Dit soort stappen zijn in veel gemeenten gezet. Stappen die leidden tot meer inzicht in de grondexploitaties, meer bestuurlijke sturing en meer risicobeheersing.

Oorzaken van falend risicomanagement bij grondexploitaties
De hiervoor beschreven ontwikkeling binnen veel gemeentelijke grondbedrijven heeft ertoe geleid dat risicomanagement bij gemeentelijke grondexploitaties de laatste jaren verbeterd is. Maar hoe kan het dan dat de grondexploitaties zoveel kopzorgen geven bij vele gemeenten? We noemen drie, met elkaar samenhangende factoren die dat veroorzaken. De eerste is dat risicomanagement geen objectieve wetenschap is. De tweede heeft te maken met de aard van gemeentelijke organisaties, en wel dat daarbinnen een veelheid van belangen aanwezig is die het gebruik van risicomanagement beïnvloeden. En de derde factor heeft te maken met de aard van stuurinformatie, en wel dat stuurinformatie het in zich heeft één belang te laten domineren boven andere belangen, met, als dat gebeurt, het gevolg dat de hele organisatie zich gaat richten naar dat ene belang.
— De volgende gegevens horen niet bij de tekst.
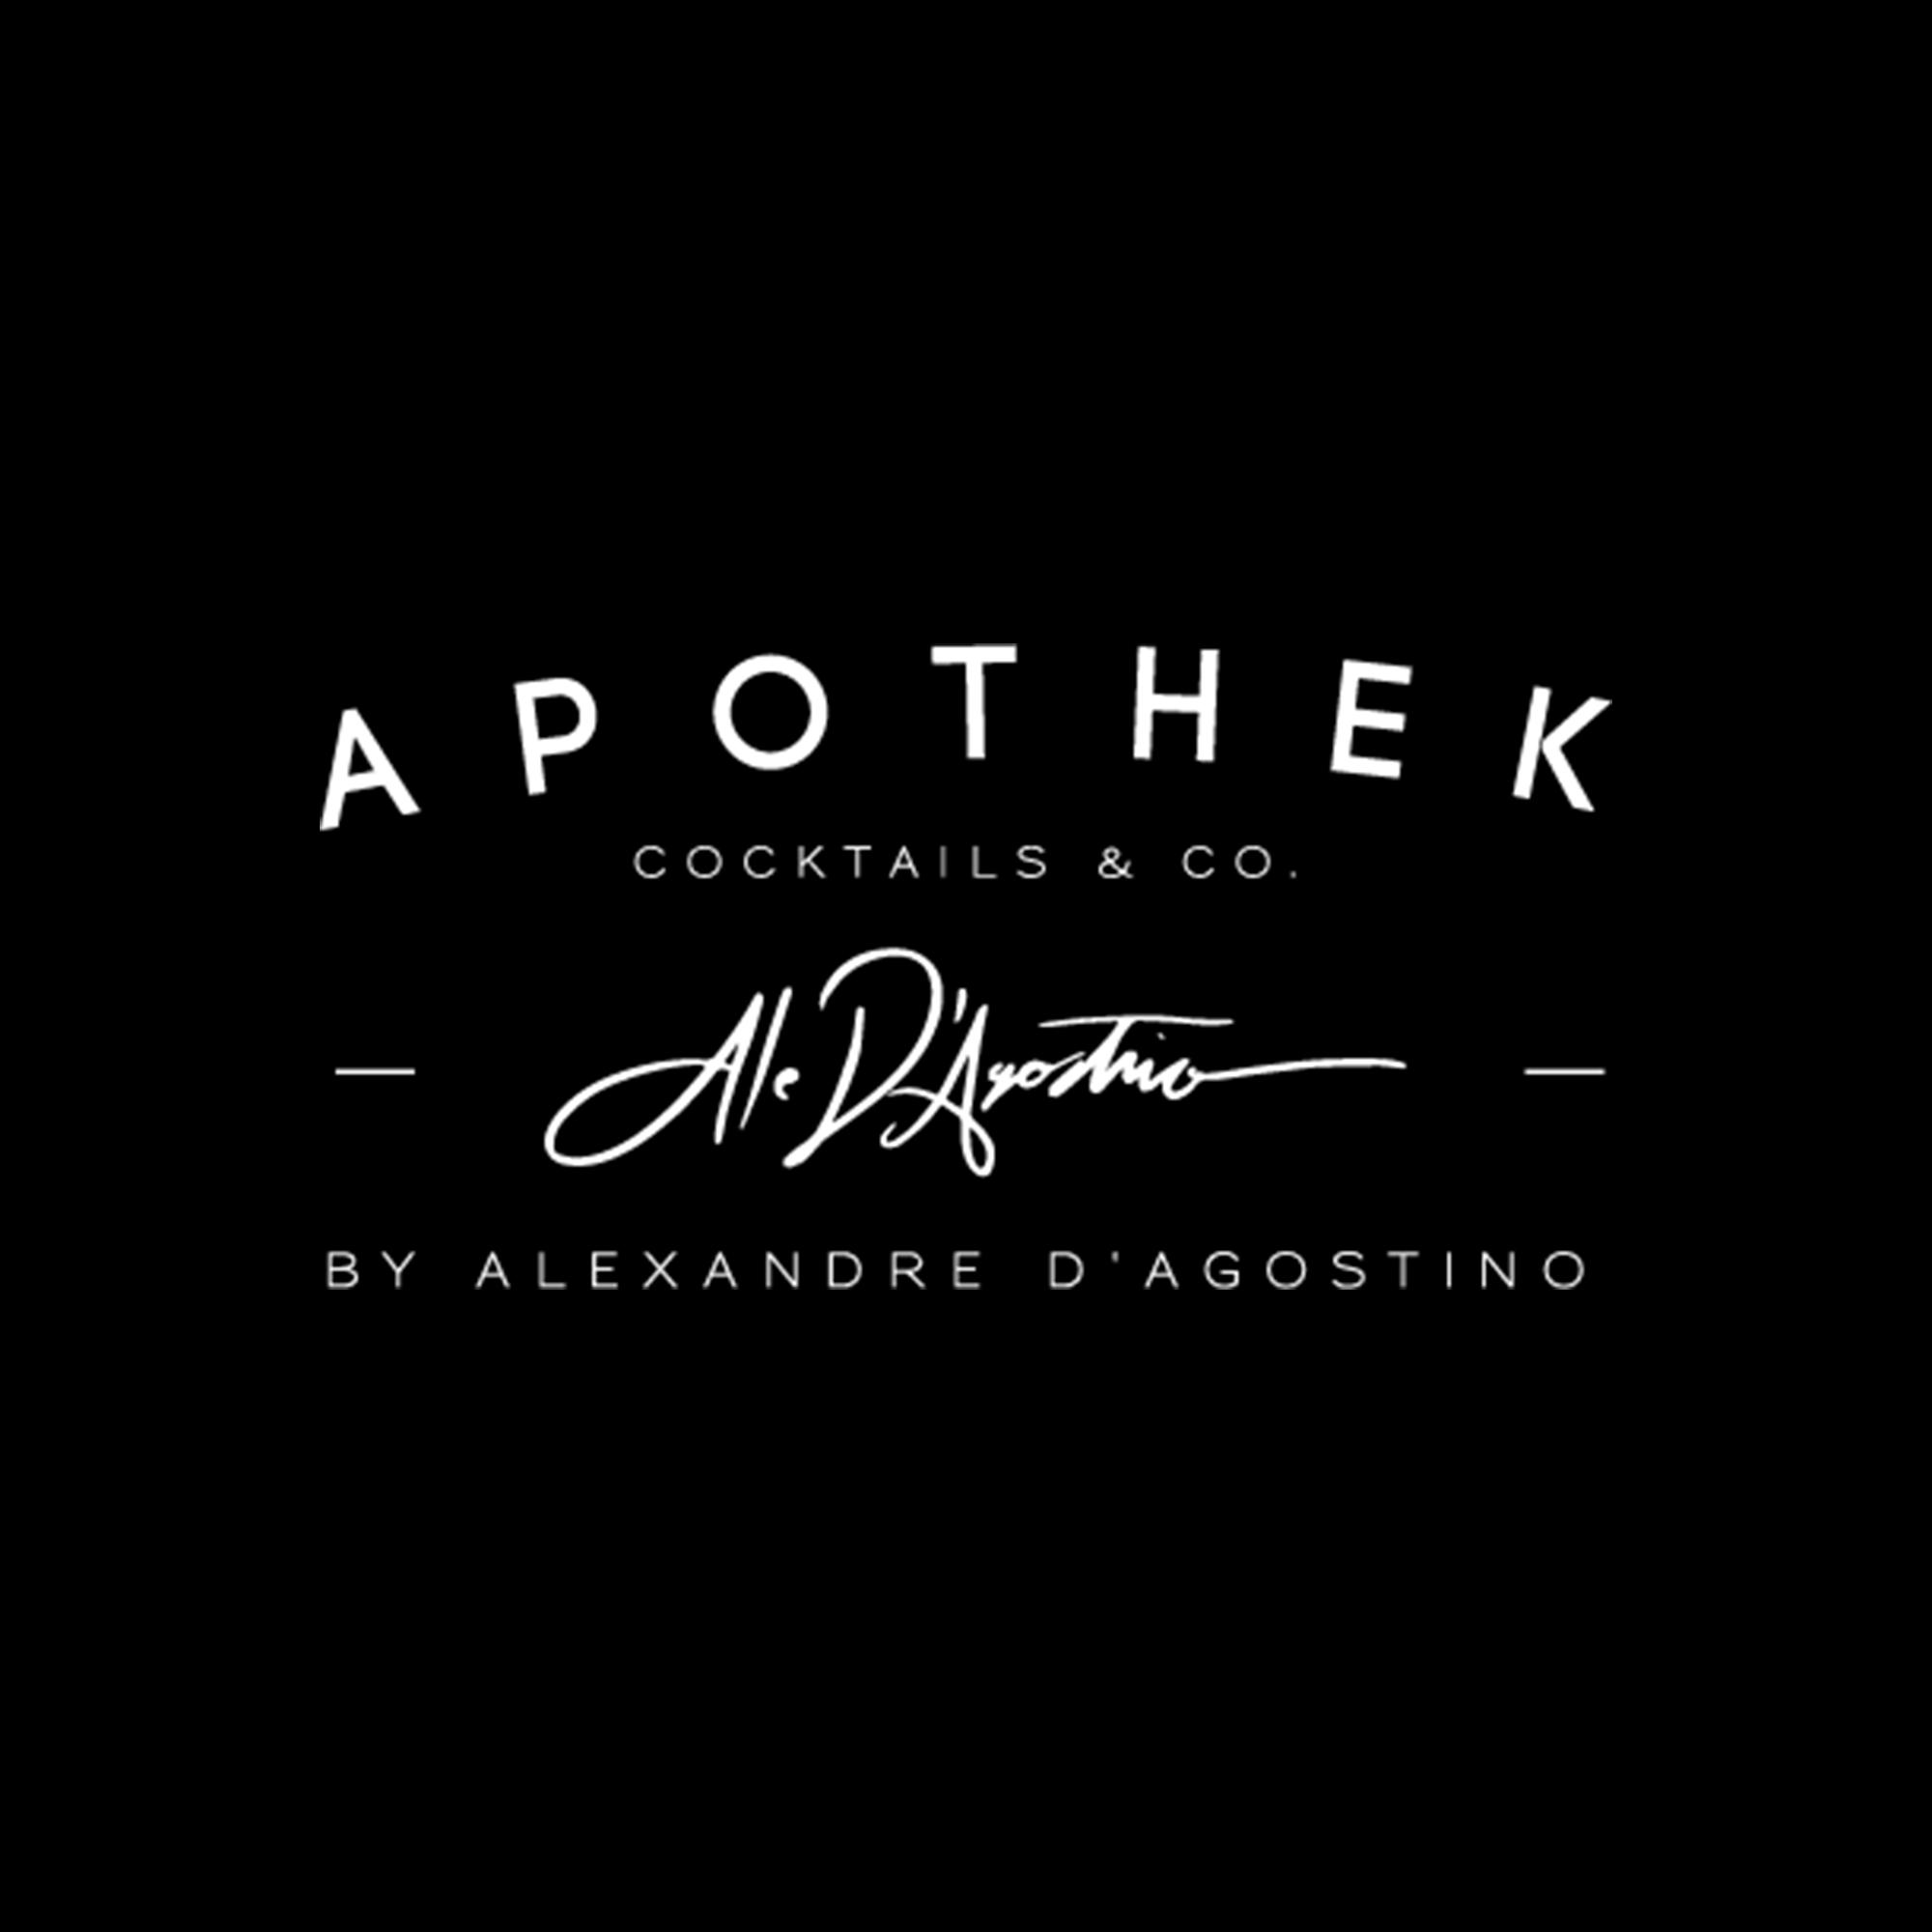 APOTHEK COCKTAILS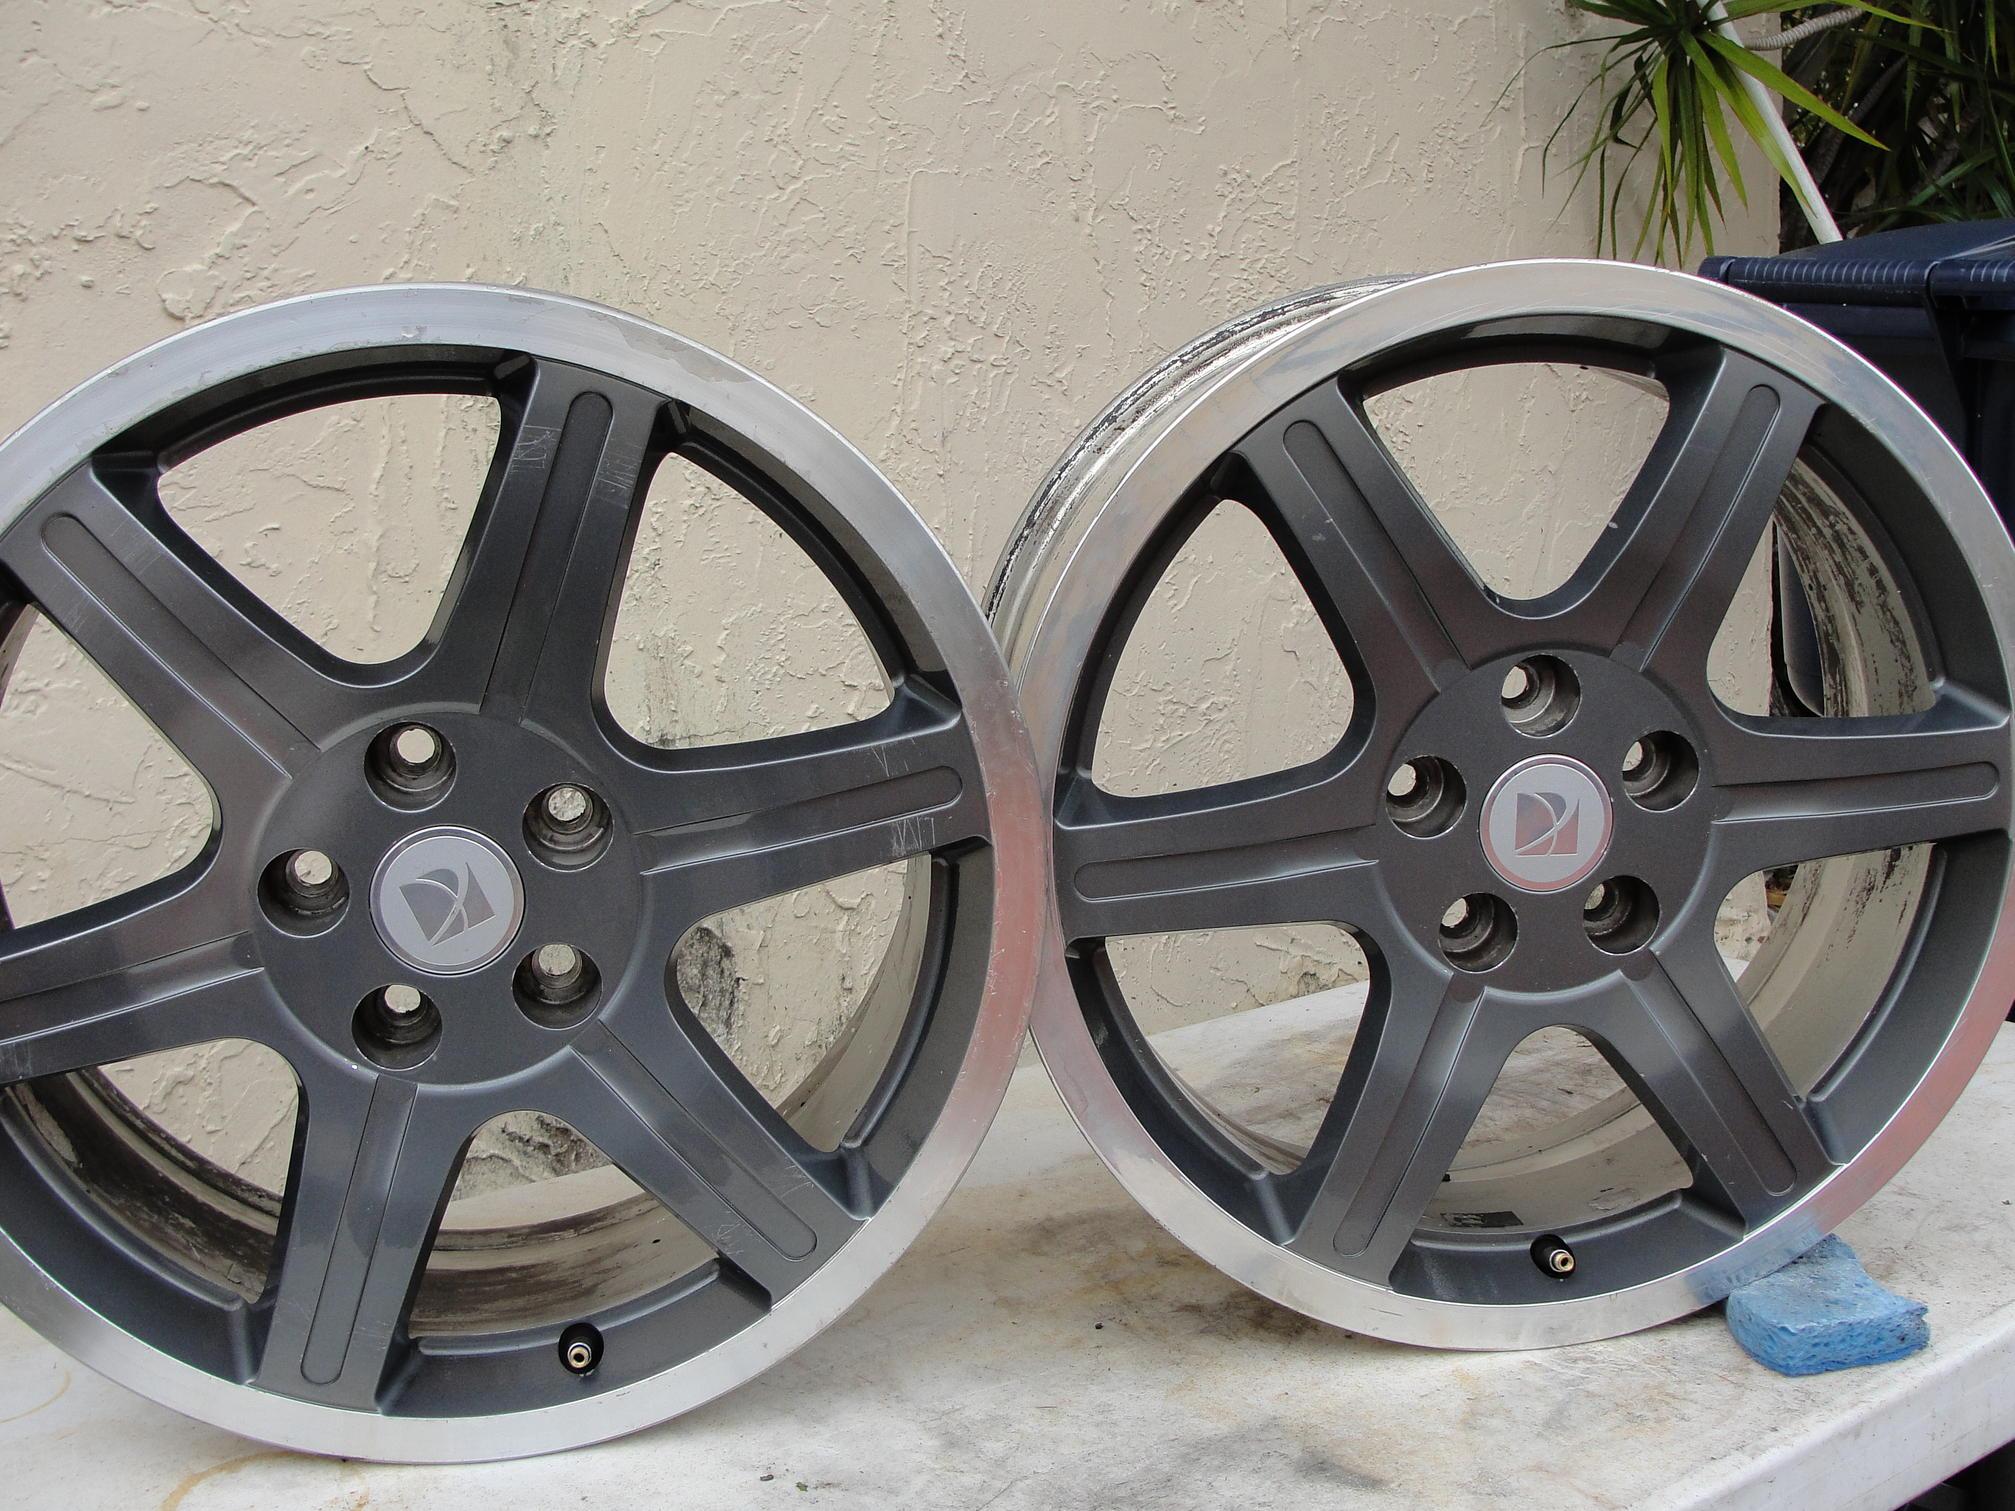 Ion redline wheels for sale - Saturn ION RedLine Forums

Risicomanagement onttrekt zich daar niet aan.

Risicomanagement geen objectieve wetenschap
De financieel-economische crisis van 2008-2009, met zijn nog steeds voortdurende nasleep en met een crisis op de woning- en kantorenmarkt, is voor vrijwel iedereen als een complete verrassing gekomen. Achteraf gezien is de constatering dat er blijkbaar een collectieve blindheid bestond voor de risico’s van onze financiële markten. Er had zich een optimisme van ons allen meester gemaakt. Een optimisme dat o.a. zorgde voor te veel en te rooskleurige bouwplannen. Tegen dat collectief optimisme was, zo kunnen we nu constateren, ook het risicomanagement rondom de grondexploitaties niet opgewassen.
Risicomanagement is geen harde, objectieve wetenschap. Dat is wat deze geschiedenis laat zien. Een (collectief) optimistische kijk op ontwikkelingen leidt tot het onvoldoende inschatten van risico’s. Risicomanagement onttrekt zich hier niet aan, hoe graag we dat ook zouden willen zien.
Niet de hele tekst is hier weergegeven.